Every image analysed with sufficient confidence is automatically added to the
local community database. A perceptual hash of the image — not the image itself —
is stored alongside the verdict. Future uploads of the same image (even after
cropping or re-compression) will instantly return the stored verdict without
re-running the full pipeline. No images or personal data are stored or shared.
Grows automatically over time as more images are analysed.
Divides the image into a grid of regions and estimates the dominant light source
direction in each region using luminance gradients. In a real photograph, light
comes from one source — shadows and highlights are consistent across the scene.
AI generators, and composite images that paste subjects from different photos,
frequently produce lighting that is physically impossible: shadows pointing in
different directions, or highlights inconsistent with shadow placement.

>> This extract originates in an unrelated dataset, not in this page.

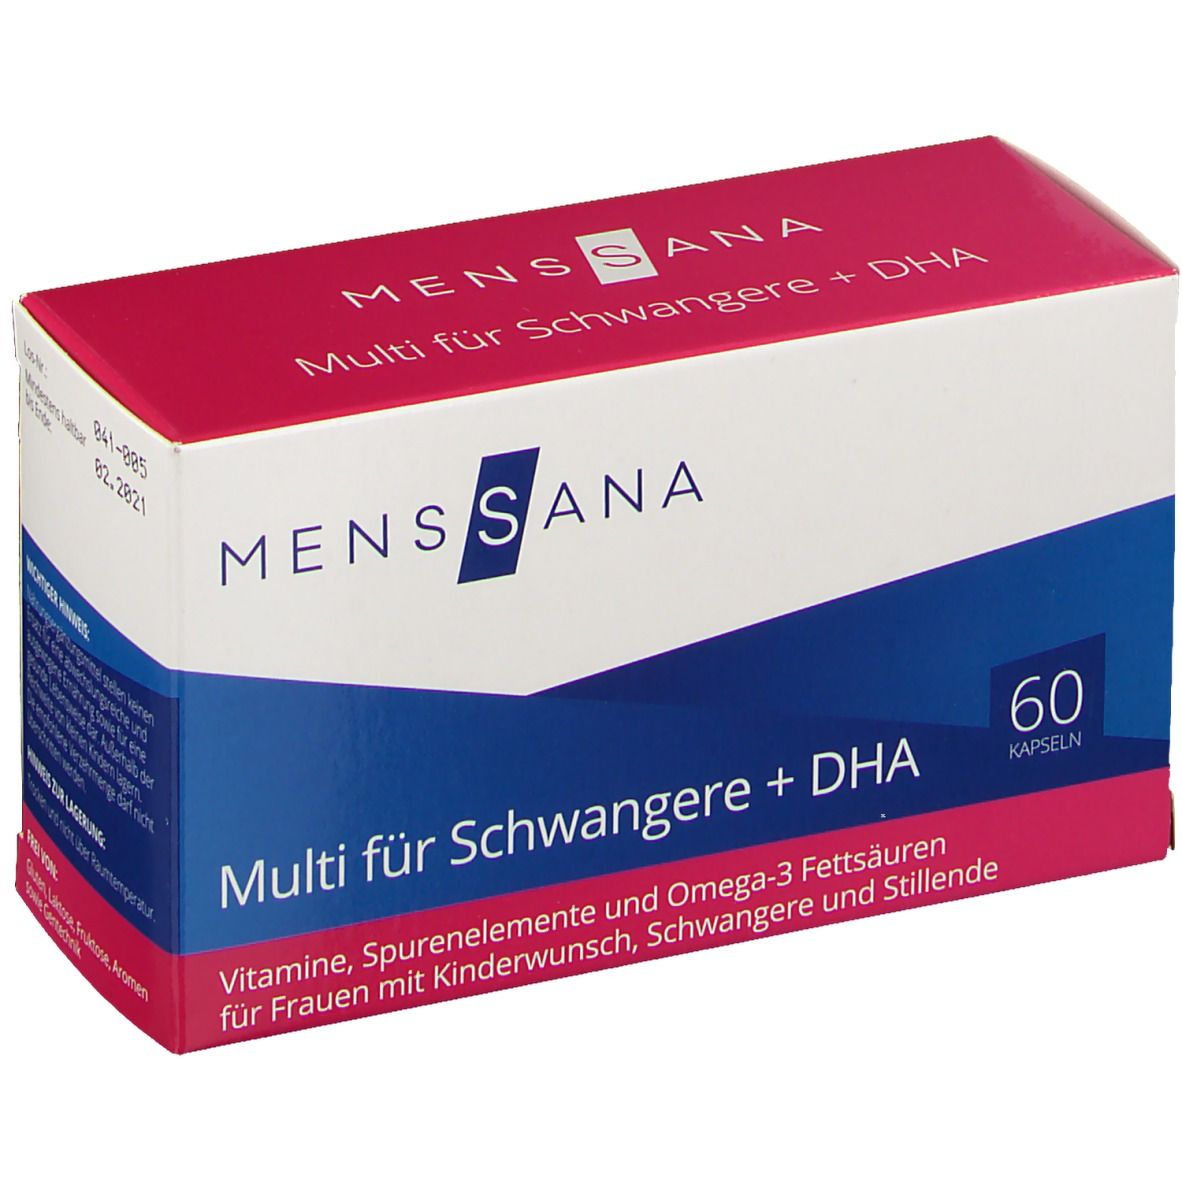 MensSana Multi für Schwangere + DHA
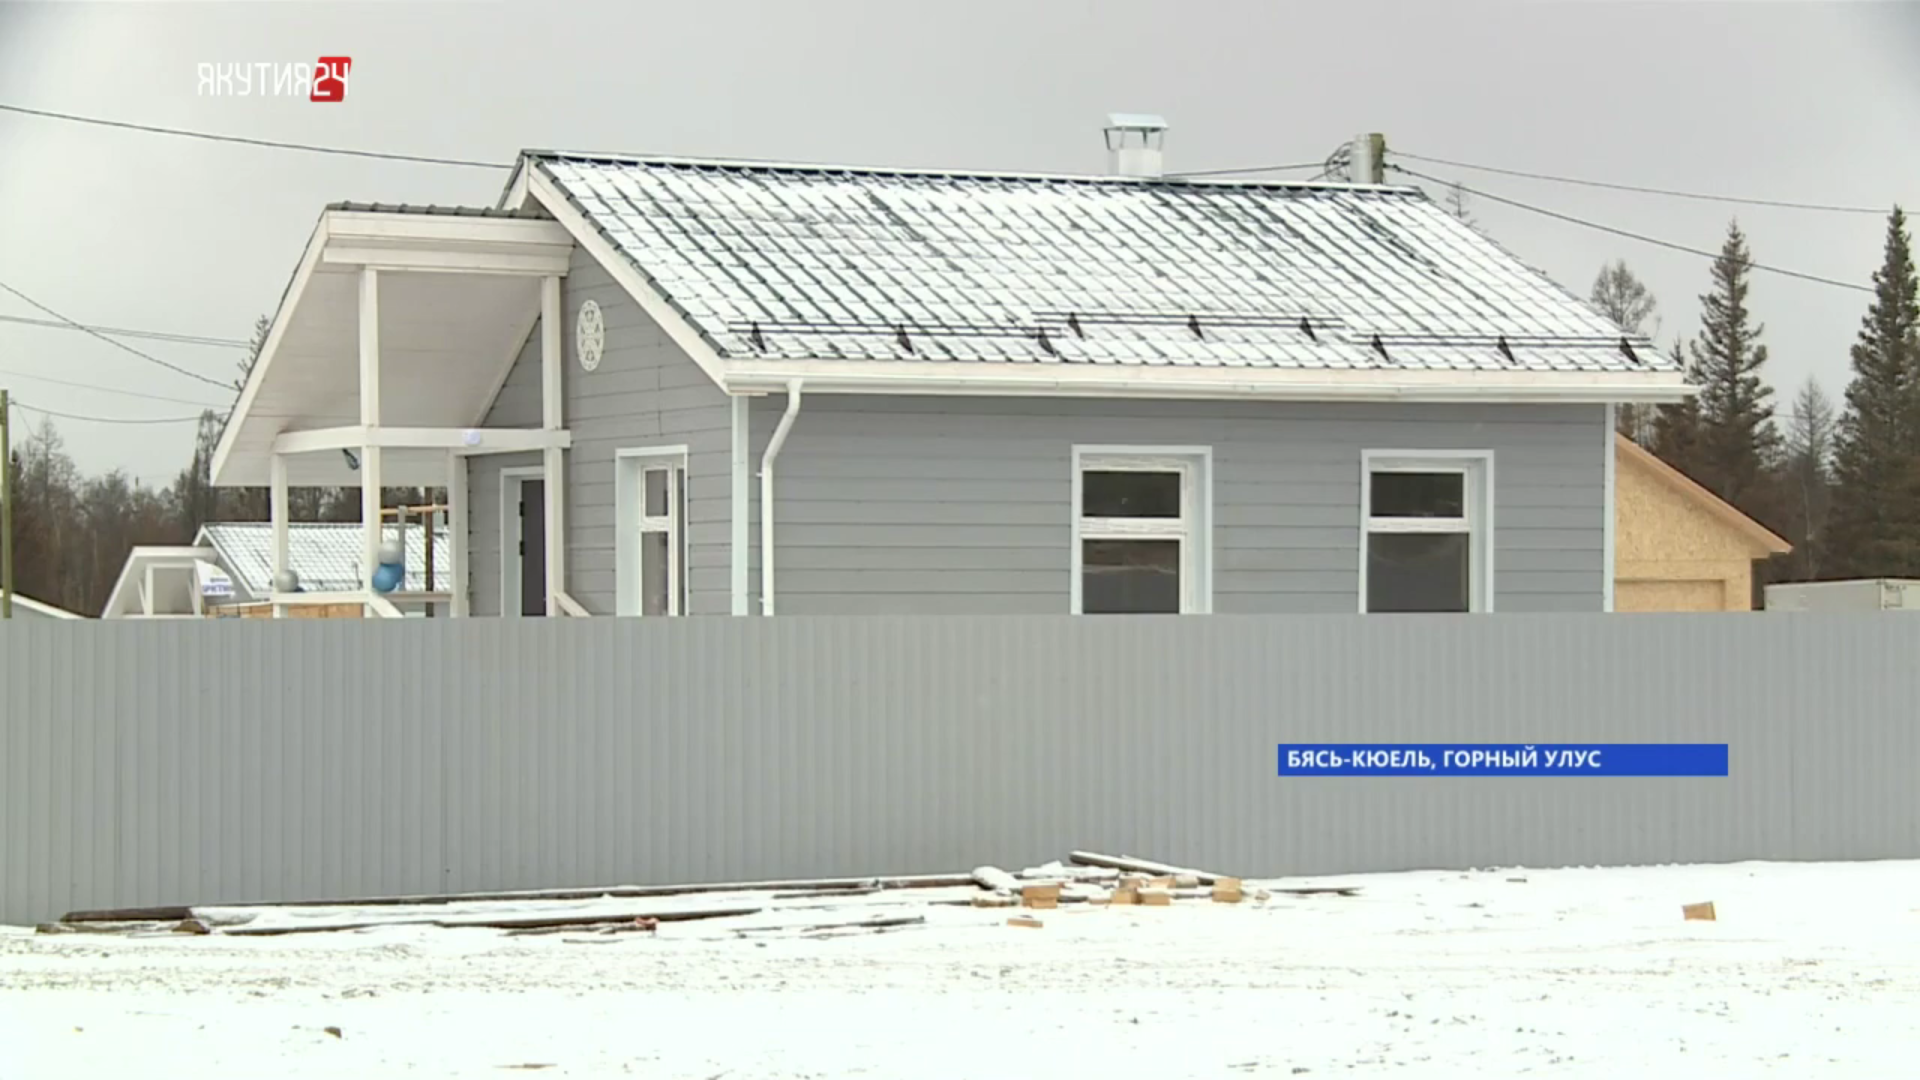 Все 34 дома введут в селе Бясь-Кюель в Якутии 15 октября

Measures the angular spread and circular variance of gradient directions across
regions. A spread above 70° between regions flags inconsistent lighting.
Weight: 5%. Most effective on images with clear shadows or directional lighting. Skipped on flat/low-contrast images.
Detects images that mix AI-generated and real-photo regions — for example, a real
person's face pasted onto an AI-generated background, or an AI object inserted
into a real photograph. This is one of the most common manipulation techniques
in disinformation.
Divides the image into a 3×3 grid and computes three forensic signals per region:
Error Level Analysis (ELA) — how a region responds to re-compression;
noise variance — the texture randomness of the region;
and frequency energy ratio — the high-to-low frequency balance.
When these signals vary sharply between adjacent regions, the image is likely a composite.
Weight: 4%. When composite and shadow signals fire together, the ensemble raises the overall score to at least Likely AI.
Searches Google's image index for prior appearances of the uploaded image.
Runs in parallel with the forensic pipeline so it adds no extra waiting time.
Only exact matches are treated as meaningful — these mean the same
image (or a crop/resize of it) has been published somewhere before. A real news
photograph will typically have exact matches on agency sites, news outlets, or
official pages.
An AI-generated image created for disinformation often has zero exact
matches — it was made specifically for this campaign and never published
before. Zero matches for a supposed official portrait of a public figure is a
significant red flag.
Visually similar images (other photos with similar content — e.g.
other politicians in suits in front of EU flags) are shown separately as context,
not as matches. They do not indicate the image has been published before.
Does not contribute to the AI score — provides editorial context. Requires Google Cloud Vision API.